I read a really great post from greenlagirl
on the return of Dean’s Beans to the Fair Trade Certified roster. Dean Cycon is a well known pioneer in Fair Trade, and has a book
out on his experiences in the coffee world.
It was gratifying to see the farming partners he works with support his return to Fair Trade Certified. Dean has never wavered from the overall concept of Fair Trade, even while disagreeing on some of the details of implementation.
How could there be disagreement on something so fundamentally positive? Fair Trade is a fantastic and simple concept but – believe me – it has endless complications in execution, given the progressive goals, broad scope and variety of participants.
I was on a panel with Dahinda Meda – the founder of Café Mam
- at the Ecological Farming Association conference last week, who pointed out areas where he hopes to see us improve, based on his frequent travel to Chiapas and relationships with farmers in the region.

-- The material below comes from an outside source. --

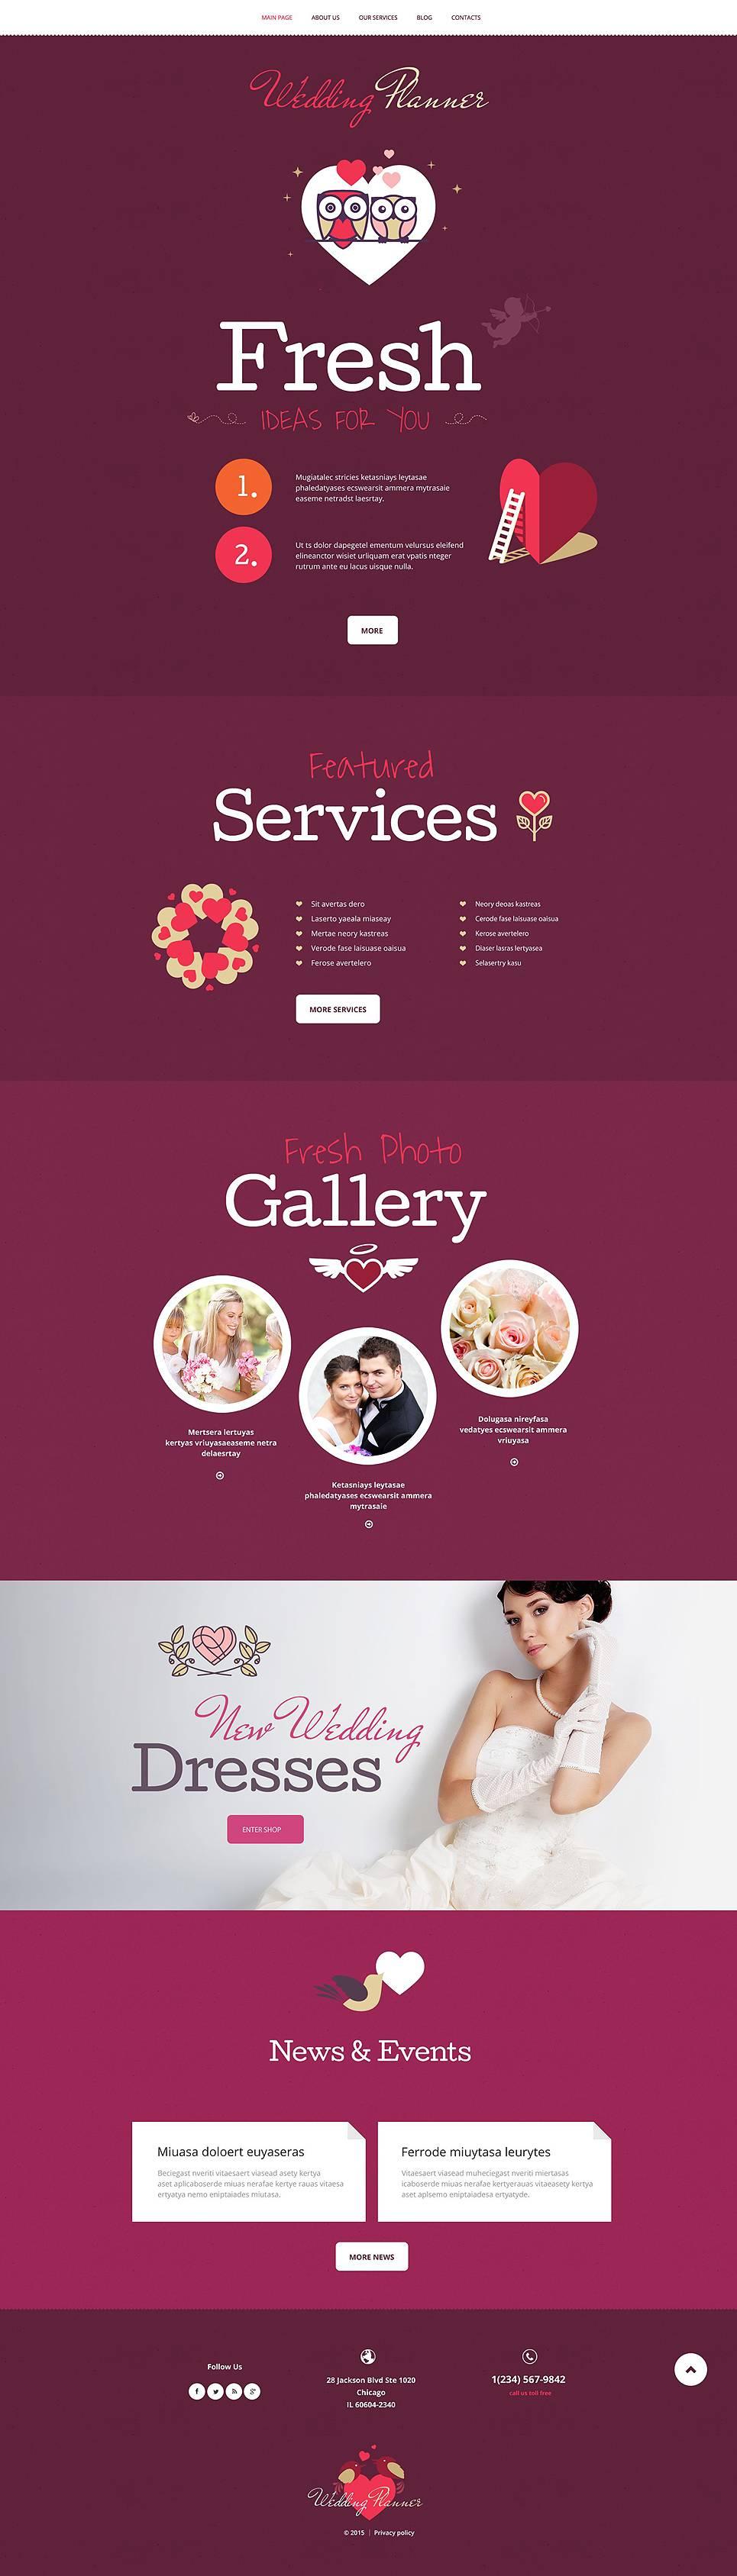 Wedding Planner Template WordPress

Like Dean, Dahinda is no lightweight. Café Mam has been a Fair Trade advocate for 20 years. Dahinda was also one of the key players in the legal battle to get DDT banned in the United States. He received a standing ovation at EcoFarm, and then proceeded to express some concerns over our floor prices and inspection processes.
At times like these, I confess to occasional envy over the simpler/lower bar certification schemes which focus only on farm management or minimal social indicators (such as local country minimum wages). Reflecting further, however, I realize that the progressive nature of Fair Trade – trying to improve both the planet and the opportunities for farmers – is bound to create some occasional discord. Since we all share similar goals, this dialog is both positive and a part of the process.
As I have said before, the key for us has always been the voice of the growers. Paul Rice recently returned from a trip to Indonesia and Thailand, where rice and coffee farmers expressed both enthusiasm for Fair Trade, and the desire to use it as a mechanism to improve their communities. As long as traders play by the rules, that enthusiasm generally applies to getting product into Wal Mart and Whole Foods as much as it does a coffee shop in Eugene. Not all of our licensees (or advocates) in the system are as enthusiastic about this. On almost any issue relating to Fair Trade – from labeling to trademarks to hired labor standards – there are a variety of opinions about what would be the perfect outcome.
This ongoing dialog is what makes Fair Trade so powerful. Even Dean – in his book – took the time to acknowledge and thank Starbucks and Green Mountain (both large publicly traded coffee roasters) for their willingness to engage in discussion about how we can all have the most positive impact.